Le médecin consultant considère également que « les conséquences du handicap allaient durer plus d’un an et permettaient à l’intéressée d’avoir ou de se maintenir dans une activité professionnelle sur un poste aménagé pour une durée supérieure à mi-temps ».
Madame [U] [L] ne démontre pas qu’elle a fait des recherches d’emplois adaptés et qui auraient échouées en raison des pathologies déclarées. Bien que bénéficiant de la [17], elle ne semble nullement inscrite dans une démarche d’emploi, de formation ou de réinsertion professionnelle, ce alors que les médecins s’accordent à dire que son handicap ne l’empêche nullement d’exercer une activité professionnelle pour une durée supérieure à un mi-temps.
Dès lors, Madame [U] [L] sera déboutée de sa demande et la décision de la [7] sera confirmée.
* Sur les dépens
Aux termes de l’article 696 du code de procédure civile, la partie perdante est condamnée aux dépens, à moins que le juge, par décision motivée, n’en mette la totalité ou une fraction à la charge d’une autre partie.

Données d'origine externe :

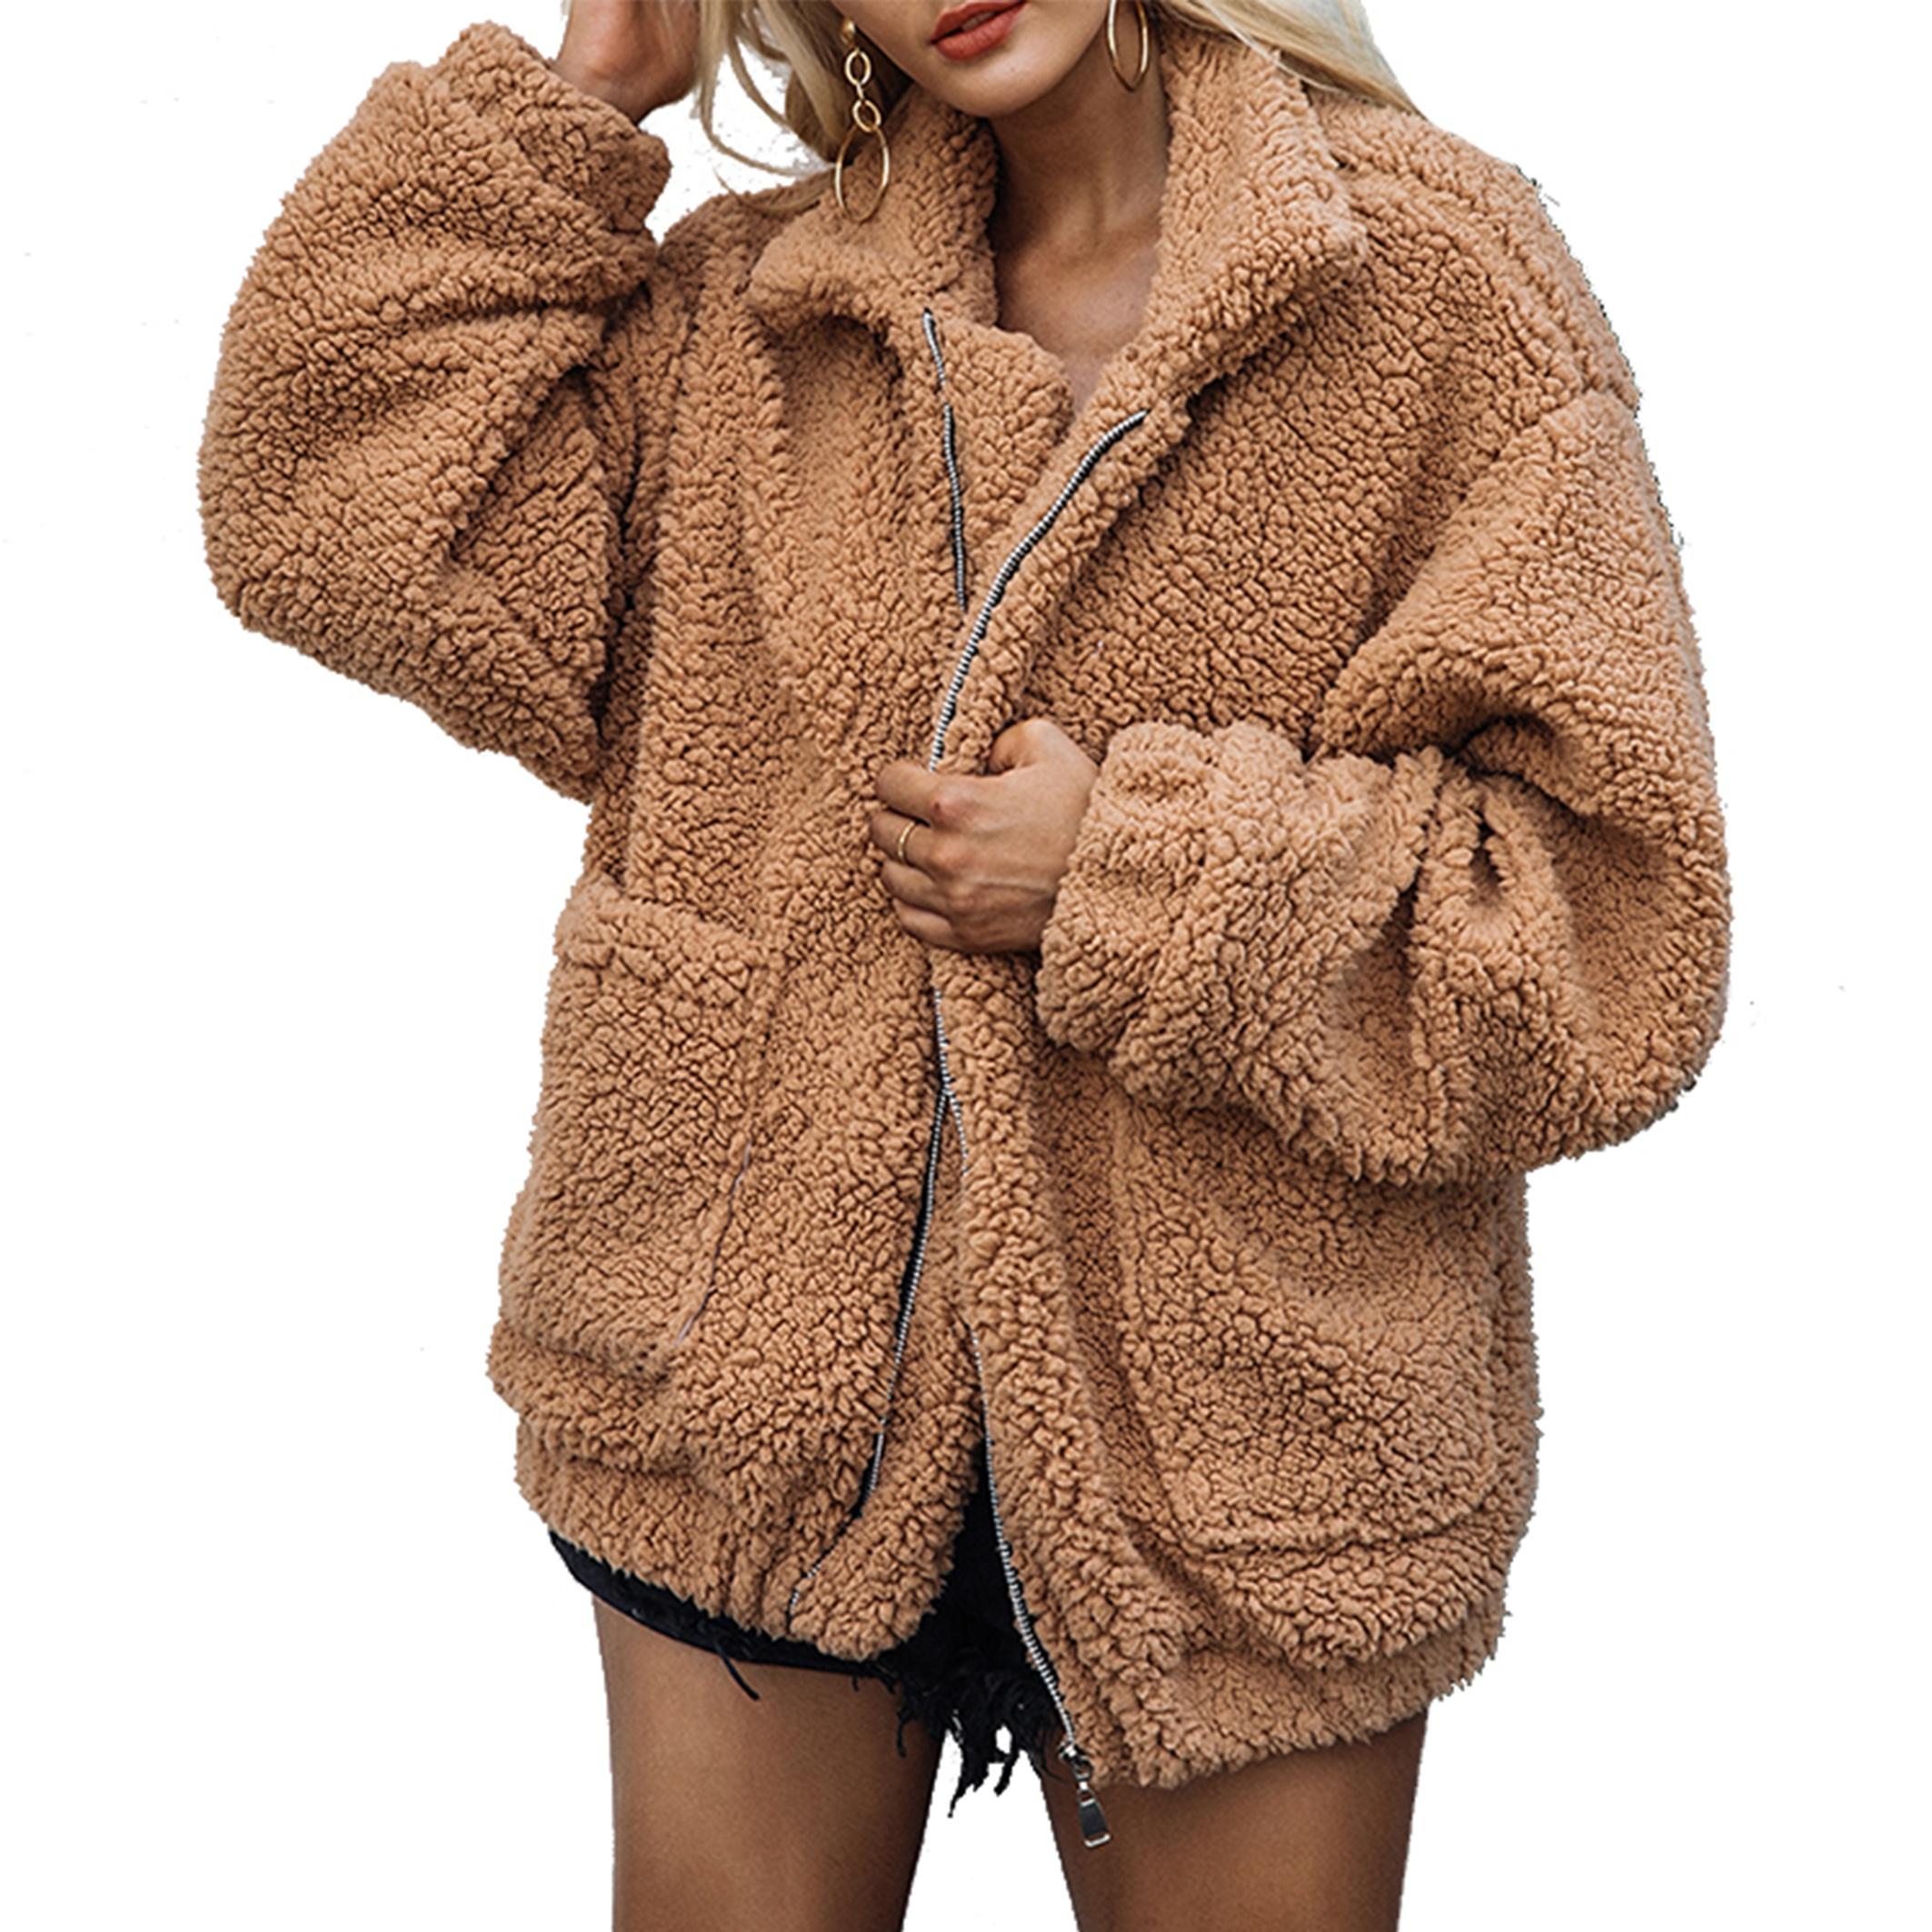 Die Großhandel Jacke Kaufen Bärenfell Sie Besten doxCeWrB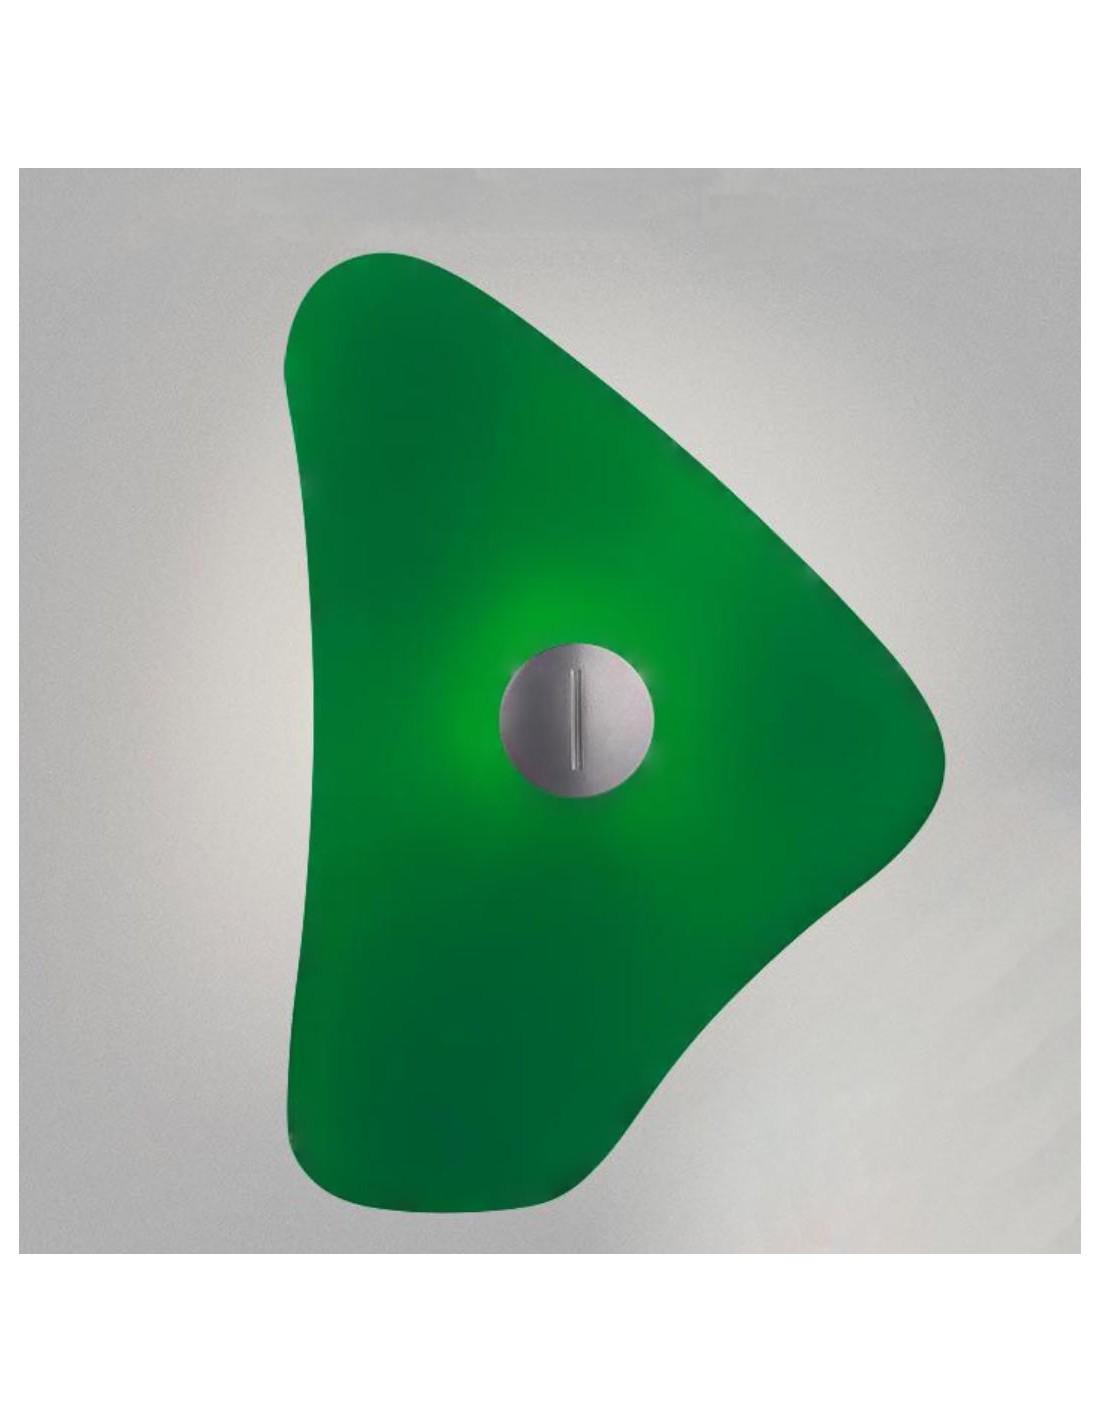 Applique murale bit 4 vert de Ferruccio Laviani pour la marque Foscarini chez Valente Design

Madame [U] [L] succombant, elle sera condamnée aux dépens de l’instance, à l’exception des frais de consultation médicale qui resteront à la charge de la [5].
PAR CES MOTIFS
Le tribunal judiciaire de Clermont-Ferrand, statuant publiquement par jugement contradictoire et en premier ressort mis à disposition au greffe,
DEBOUTE Madame [U] [L] de sa demande d’AAH,
CONFIRME la décision de la Commission des Droits et de l’Autonomie des Personnes Handicapées,
CONDAMNE Madame [U] [L] aux dépens de l’instance, à l’exception des frais de consultation médicale qui resteront à la charge de la [5],
RAPPELLE que dans le mois de la réception de la notification, chacune des parties intéressées peut interjeter appel de la décision par déclaration faite au greffe de la Cour d’appel de [Localité 16], ou adressée par pli recommandé à ce même greffe.
La déclaration d’appel doit être accompagnée de la copie de la décision.
Ainsi jugé et prononcé par mise à disposition au greffe les jour, mois et an susdits.
En fait de quoi, le présent jugement a été signé par le président et le greffier.